K. K. Darrow, a theoetical physicist at Bell Labs and secretary of the American Physical Society, offered his help in organizing the quantum mechanics conference. The two decided to emulate the success of the early Solvay Congresses, and they consulted with Léon Brillouin, who had some experience in that area. In turn, Brillouin suggested consulting Wolfgang Pauli, the recent Nobel medalist at the Institute for Advanced Study at Princeton.

In January 1946, MacInnes, Darrow, Brillouin, and Pauli met in New York and exchanged letters. Pauli was enthusiastic about the topic, but he was primarily interested in bringing together the international physics community after the ordeal of the war.

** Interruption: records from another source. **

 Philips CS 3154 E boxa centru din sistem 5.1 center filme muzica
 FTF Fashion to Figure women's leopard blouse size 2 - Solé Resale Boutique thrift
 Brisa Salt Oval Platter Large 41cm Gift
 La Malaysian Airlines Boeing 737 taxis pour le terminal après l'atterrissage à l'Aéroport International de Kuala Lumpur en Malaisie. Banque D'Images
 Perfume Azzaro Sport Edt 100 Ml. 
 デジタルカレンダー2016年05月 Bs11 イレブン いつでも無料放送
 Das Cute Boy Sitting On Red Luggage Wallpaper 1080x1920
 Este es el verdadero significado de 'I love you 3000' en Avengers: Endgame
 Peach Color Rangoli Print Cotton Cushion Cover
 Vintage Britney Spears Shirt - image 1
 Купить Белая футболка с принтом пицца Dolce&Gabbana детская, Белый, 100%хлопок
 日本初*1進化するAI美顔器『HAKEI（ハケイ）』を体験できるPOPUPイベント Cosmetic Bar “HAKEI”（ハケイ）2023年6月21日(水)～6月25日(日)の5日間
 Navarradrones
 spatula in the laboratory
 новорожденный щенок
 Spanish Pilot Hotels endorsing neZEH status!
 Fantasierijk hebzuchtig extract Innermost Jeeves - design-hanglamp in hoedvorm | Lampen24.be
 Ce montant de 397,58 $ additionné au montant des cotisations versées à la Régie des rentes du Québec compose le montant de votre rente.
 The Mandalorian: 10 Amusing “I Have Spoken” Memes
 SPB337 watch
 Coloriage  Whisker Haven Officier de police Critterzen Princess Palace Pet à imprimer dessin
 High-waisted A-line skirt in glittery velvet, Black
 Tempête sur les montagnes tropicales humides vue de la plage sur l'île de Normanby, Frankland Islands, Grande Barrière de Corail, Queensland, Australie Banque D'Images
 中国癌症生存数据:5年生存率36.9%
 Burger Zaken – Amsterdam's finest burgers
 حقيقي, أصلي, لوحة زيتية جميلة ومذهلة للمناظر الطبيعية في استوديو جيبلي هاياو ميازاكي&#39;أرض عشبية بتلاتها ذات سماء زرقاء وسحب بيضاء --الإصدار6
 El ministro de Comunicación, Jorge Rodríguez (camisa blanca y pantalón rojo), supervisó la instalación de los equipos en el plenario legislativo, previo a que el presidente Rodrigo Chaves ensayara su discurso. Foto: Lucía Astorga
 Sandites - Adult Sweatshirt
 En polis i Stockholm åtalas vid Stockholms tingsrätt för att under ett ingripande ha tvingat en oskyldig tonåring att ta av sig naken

He suggested a large conference, including many older, foreign physicists, much to MacInnes' chagrin. With Jewett's encouragement, MacInnes asked Pauli for suggestions of "younger men" such as John Archibald Wheeler, explaining that the Rockefeller Foundation would support only a small conference. Pauli and Wheeler replied that MacInnes' conference might be merged with Niels Bohr's conference on Wave Mechanics in Denmark in 1947; they pointed out that the Niels Bohr Institute had close ties with the Rockefeller Foundation anyway. Darrow wrote to Wheeler that Bohr's conference was a poor replacement because it would draw few Americans. Finally, Shelter Island was explicitly an American conference.